# Не грузится с LiveUSB

## C0MA

Cобрал LiveUSB следуя инструкции - http://www.gentoo.org/doc/en/liveusb.xml

Система начинает грузится, но прерывается такими сообщением:

"No bootable medium found. Waithng for new devices".

"Could not finde CD to boot, something else needed!"

----------

## OSBoy

Первое, что приходит в голову:

- Биос умеет грузиться с USB - устройств? Порядок проверки устройств в биосе выставлен как надо?

- Корень (или /boot) на флешке точно помечен, как bootable ?

----------

## C0MA

Если с USB флешки грузится думаю что может.

приоритет загрузки такой:

1. USB флешка

2. HDD

CD-ROMa на устройстве нет.

Немного повозившись понял следующее.

Загрузка идет нормально до того места где кернел должен прочитать с устройства сзжатый образ rootfs. Тут и происходит затык.

Самое интересное что кернел детектит HDD, но USB флешку не видит.

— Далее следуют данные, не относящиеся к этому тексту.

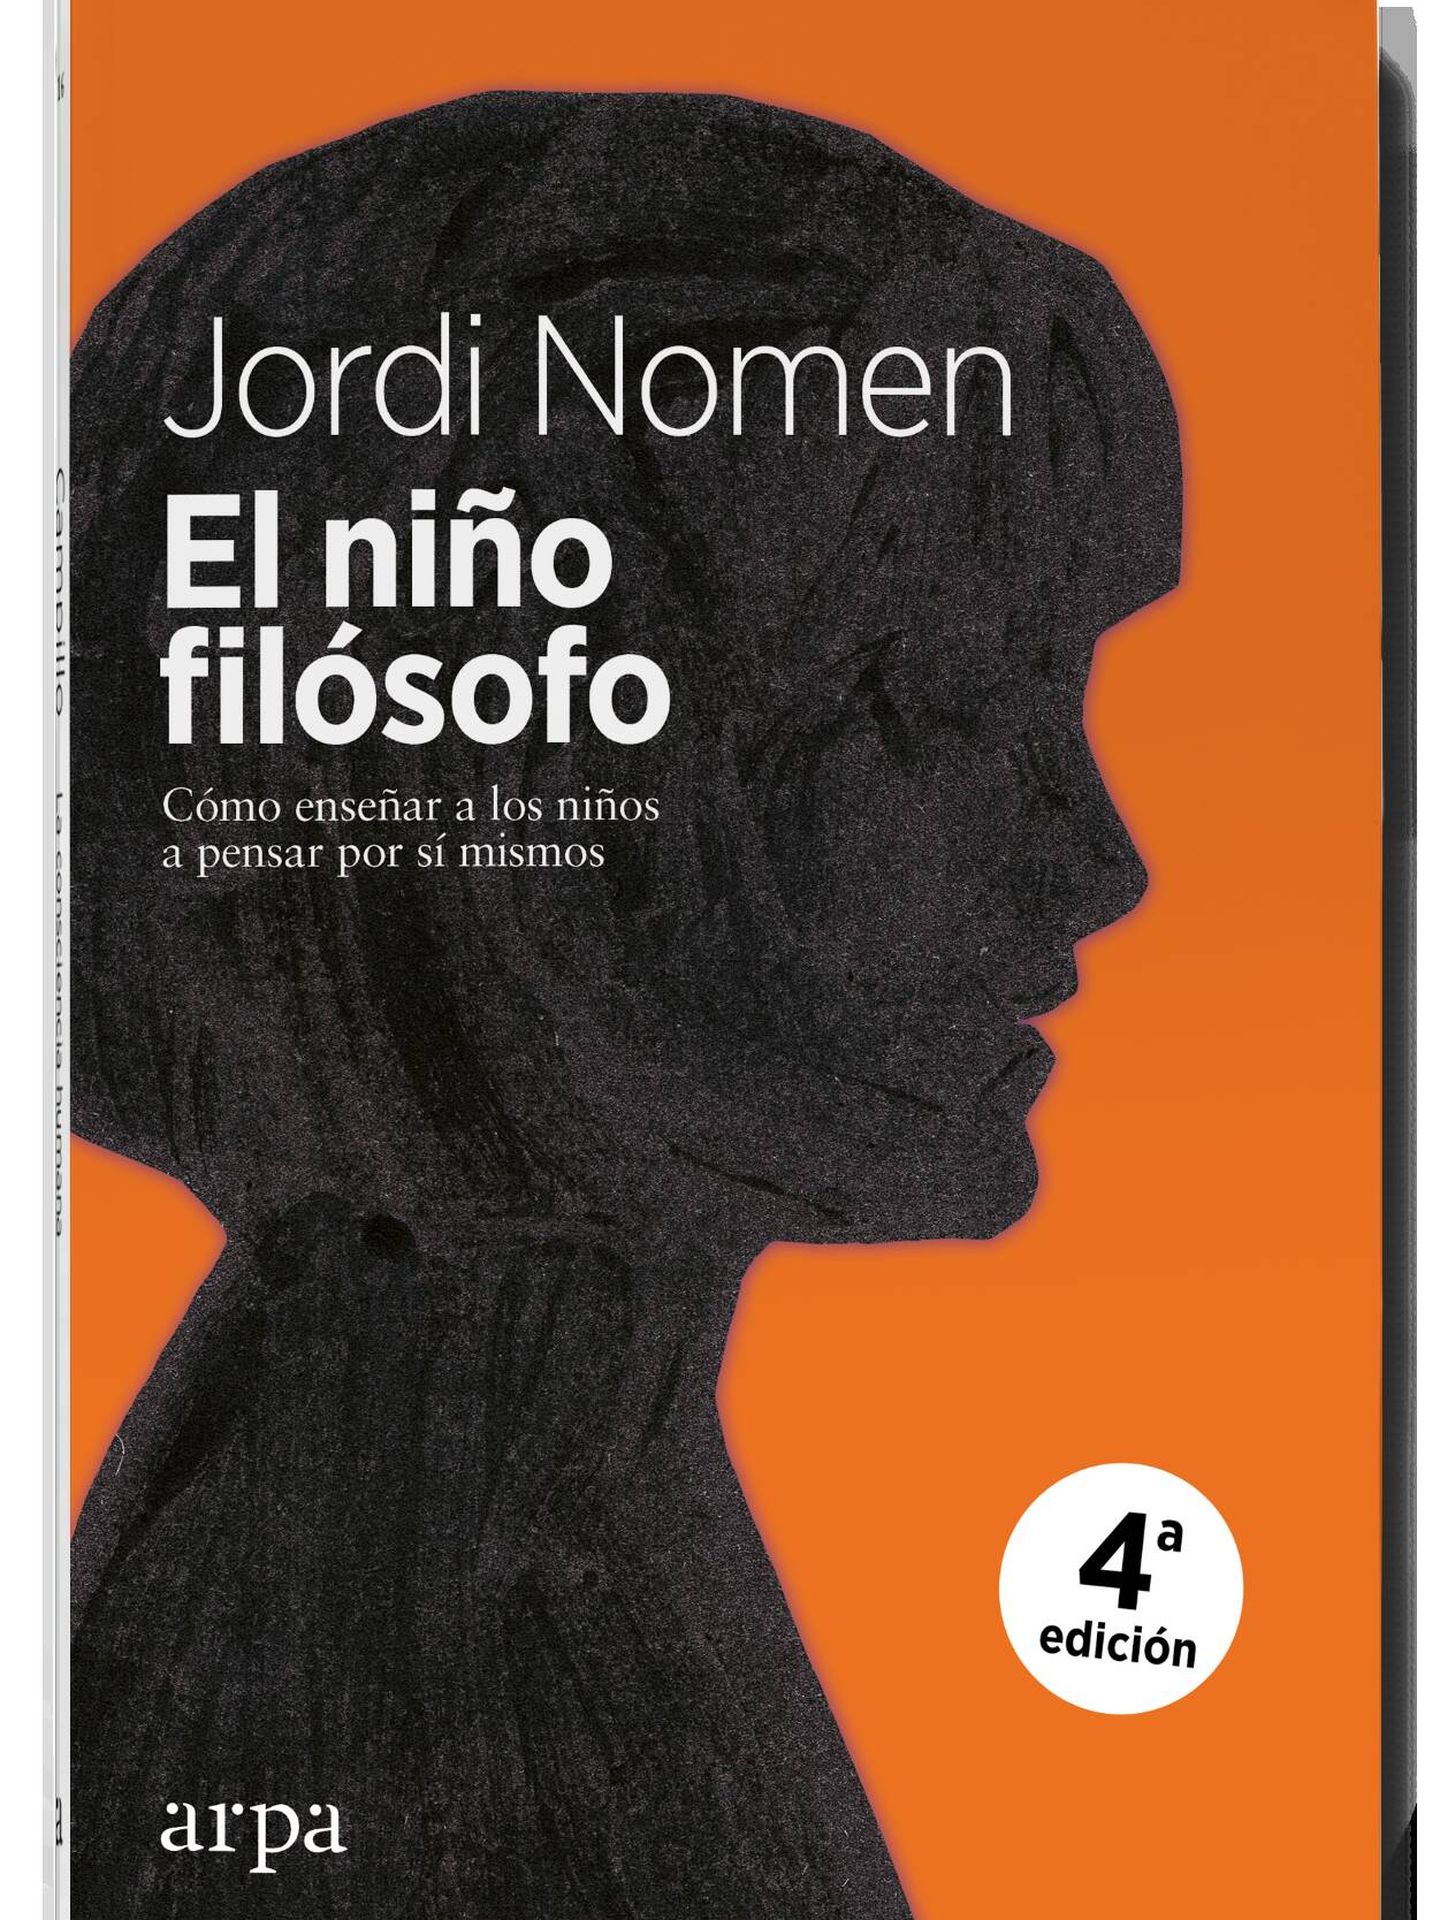 Imagen cedida del primer libro de la trilogía 'El niño filósofo' de Jordi Nomen

Эту же проблему обсуждали на главном, англ. версии форума. Но однозначного ответа не нашли.

----------

## Laitr Keiows

Обязательно нужно использовать 2006.0 minimal CD, c новыми не работает.

----------

## s-worm

Я кажеться понял почему - он не может найти /

сл-но либо не хватает модулей ядра, либо нужно перебирать скрипты (возможно udev)

----------

## C0MA

Все намного интереснее...

https://bugs.gentoo.org/show_bug.cgi?id=173117

----------